On Tomb Sweeping Day, families typically visit the ancestral burial plot to clean the graves, present offerings of fruit and burn paper money. Some set off firecrackers for good luck and to drive off evil spirits. Such traditions are strong in rural areas, though they are fading as people migrate to the cities.
Many Chinese believe the body to be the carrier of one’s soul, said Han Gaonian, a folklorist at the Lanzhou-based Northwest Normal University.
“If you have the body, then the soul has a place to be,” he said, adding that those presumed dead and whose bodies cannot be returned usually get a grave with their clothes buried.
However, there is no ritual of mourning for those whose fates are unknown.
“People still hope they may return alive,” Han said, referring to the passengers on Flight 370. “And in some rural areas, families may hold some ritual of calling back the soul of the missing, alive or dead.”
As the youngest of three sons, Li Zhixin was doted on by his parents and older brothers, but he had to go to work like the rest of them once he turned a teenager, after only six years of school.
He was married by the time he turned 20 and lives with his wife and two children — a 12-year-old daughter and six-year-old son — in the nearby city of Dingzhou.
Li Zhixin never spoke of any grand ambitions, but focused on providing for his family, his brothers said.
“His wife hardly makes any money, so the family really depends on Zhixin financially,” Li Luxin said. “City living is costly with the children going to school.”
Construction workers in Chinese cities typically earn the equivalent of US$700 to US$800 a month, but tantalizing stories of much better pay in foreign countries where low-skilled laborers are lacking drive hundreds of thousands to leave their families behind and go abroad each year.
At the end of last year, about 853,000 Chinese were working overseas, according to the Chinese Ministry of Commerce.
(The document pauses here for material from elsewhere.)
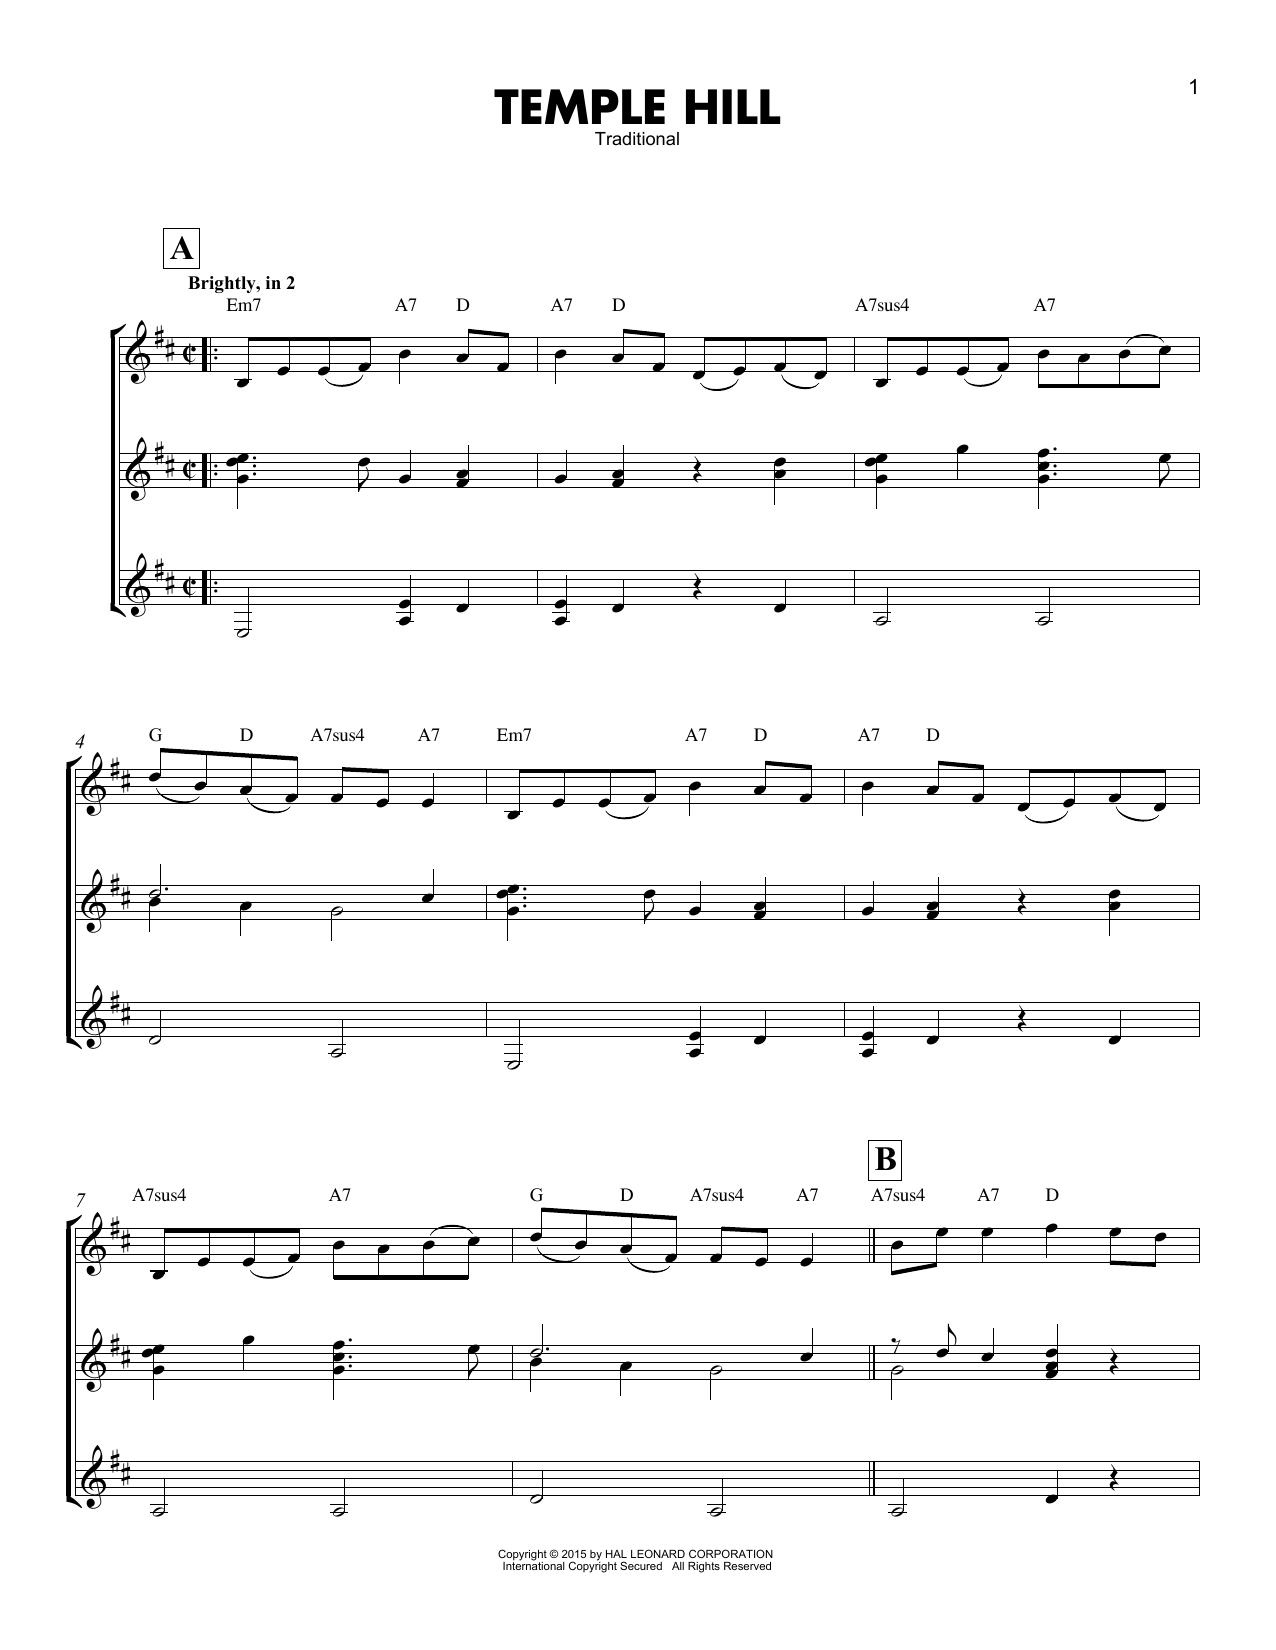 Download Traditional Temple Hill Sheet Music

On Flight 370, eight men from the Dingzhou municipal region of 1 million that includes Ziwei were returning from contract work in Singapore.
Li Zhixin only informed his family he was going on his first trip abroad to Singapore after making all the arrangements, which included borrowing about US$3,000 to pay an agent who lined up a construction job in the city-state, Li Luxin said.
“He was told he could make as much as 300 yuan [US$50] a day,” but was soon disappointed because there was not enough work, Li Luxin said.
“He regretted going there and told his wife’s brother over the phone that he was often idle with no work and no income,” Li Luxin said. “Before he came back this time, he said he would never go abroad again because he had made no money this time.”
Li Zhixin’s father traveled to Beijing with his eldest brother, Li Jingxin, the day after the plane went missing, but they were frustrated by the lack of information provided by airline officials and Li Zhou’er returned home a few days later.
“Pigs cherish their piglets, dogs cherish their puppies and we humans cherish our children,” Li Zhou’er said. “There has not been a day that I do not miss my child.”